II.5- Traitement environnemental et paysager des espaces non bâtis et abords des constructions :
Les plantations existantes doivent être maintenues ou remplacées par des plantations équivalentes.
En dehors des surfaces bâties, stationnement et circulation, les espaces restants seront aménagés en amélioration du cadre de vie (Plantations, aires de jeux, aménagement paysager, …).
Les aires de stationnement doivent être plantées à raison d’un arbre de haute tige de circonférence supérieure à 20 cm par 50 m² de terrain.
Les plantations doivent être composées de végétaux diversifiés et adaptés au contexte local, en limitant la part des essences à feuillage persistant. Les plantes exogènes au caractère envahissant ne sont pas autorisées à la plantation (cf. liste noire du CBNM mise en annexe).
La haie uniforme, composée uniquement de cyprès, thuyas ou de lauriers-palmes, est déconseillée : les essences doivent être variées et celles à feuillage persistant doivent être minoritaires.
Révision PLU – PIOLENC – RÈGLEMENT - ZONE UB
La hauteur des constructions ne pourra excéder 7 mètres, mesurés de l’égout du toit au sol naturel, sur l’ensemble des parcelles à l’exception de celles situées en bordure de la RN 7 et de l’avenue St Louis (route d’Uchaux), pour lesquelles une hauteur maximale de 10 mètres, mesurés de l’égout du toit au sol naturel est autorisée.

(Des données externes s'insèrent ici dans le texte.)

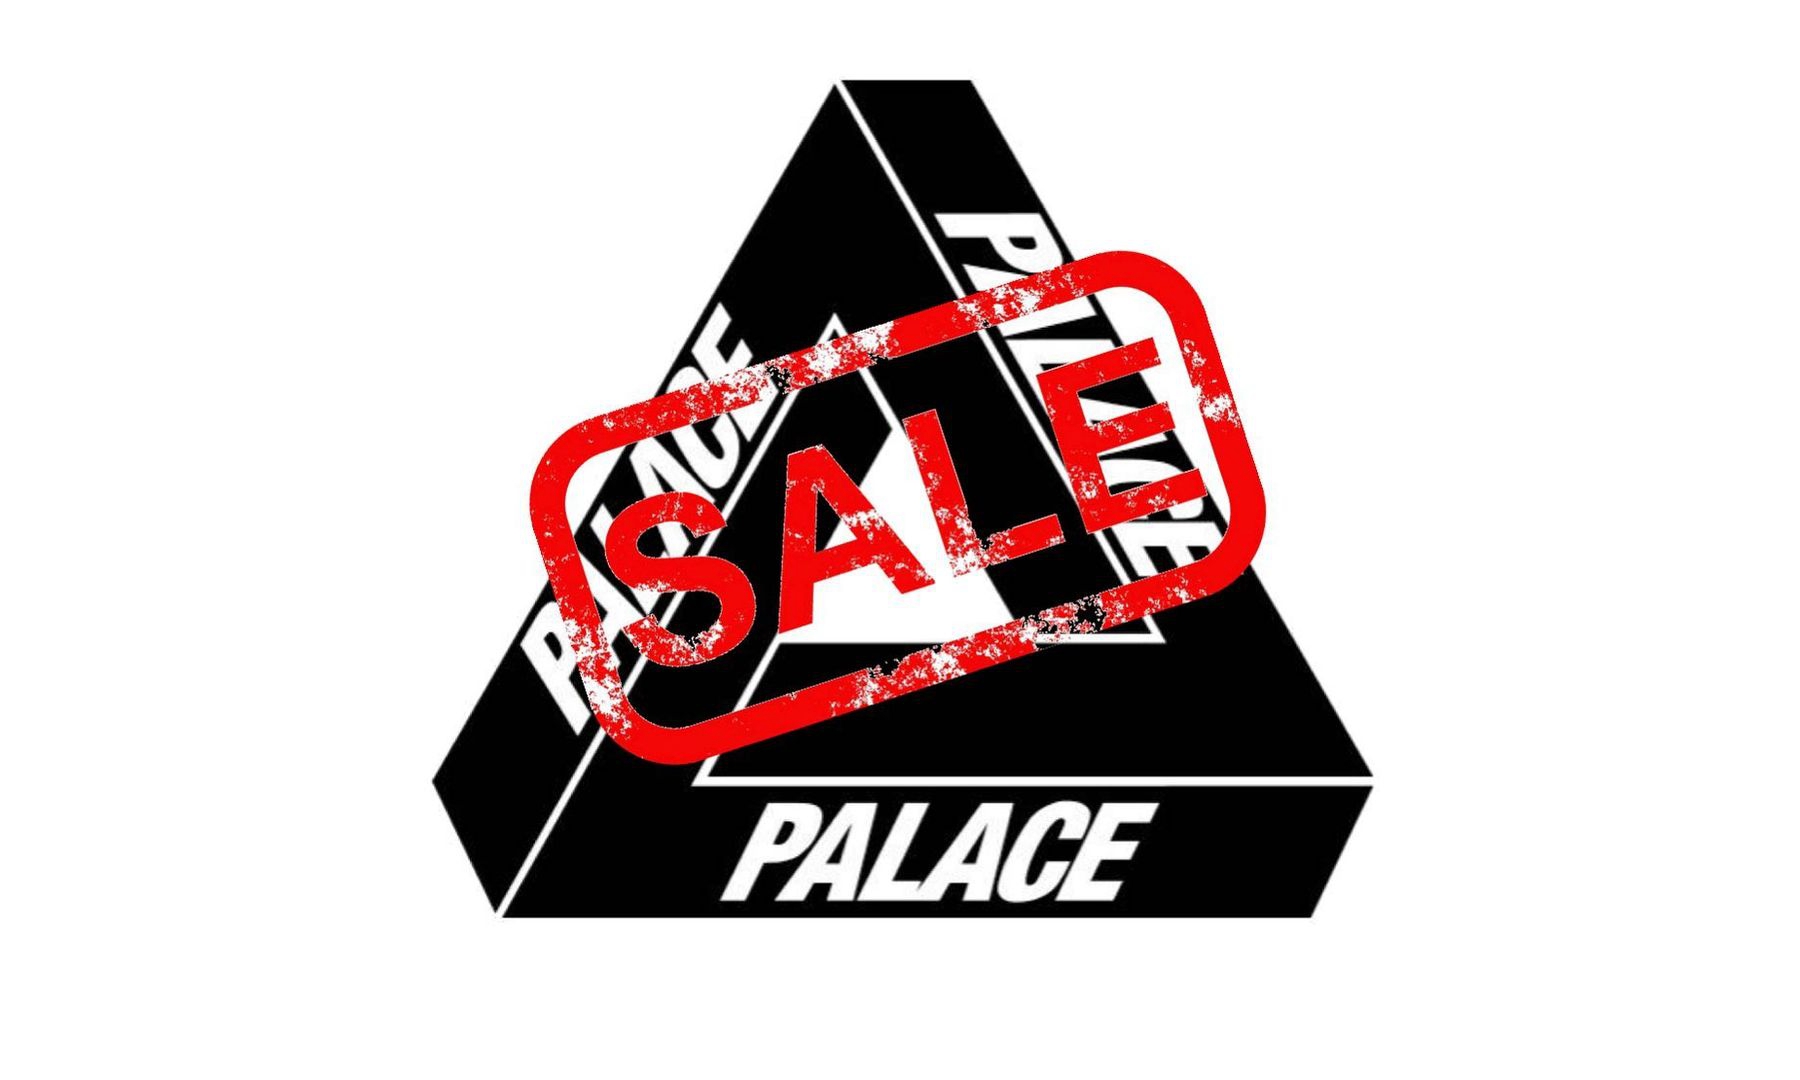 PALACE 2021 春夏季末折扣即将开催

Ces dispositions ne s’appliquent pas aux constructions à usage d’équipement collectif pour lesquelles la hauteur ne pourra excéder 12 mètres, mesurés de l’égout du toit au sol naturel
II.4- Caractéristiques architecturales des constructions et des clôtures :
Les constructions peuvent être d’expression architecturale traditionnelle ou contemporaine mais doivent présenter un aspect compatible avec le caractère ou l’intérêt des lieux avoisinants, des sites et des paysages urbains, ainsi qu’à la conservation des perspectives monumentales.
Les constructions doivent être adaptées aux caractéristiques topographiques du terrain naturel - y compris dans la dimension hydraulique - qui peuvent amener la réalisation d’un vide sanitaire adapté.
Clôtures
Les clôtures seront constituées de haies vives, elles pourront être doublées de grillage d’une hauteur maximum de 1,50 m.
Des murs bahut de 0,60 m de hauteur sont tolérés : dans ce cas la hauteur grillage + mur ne dépassera pas 1,80 m. Cet ensemble devra être obligatoirement doublé d’une haie vive.
Dans certains cas, des murs pleins, enduits sur les deux faces ou en pierres apparentes, pourront être édifiés sur des parties de clôture afin de se prémunir des vues directes et des effets du vent. Cette dernière possibilité devra répondre à des situations et des besoins précis et ne pourra excéder plus de la moitié du périmètre de la parcelle.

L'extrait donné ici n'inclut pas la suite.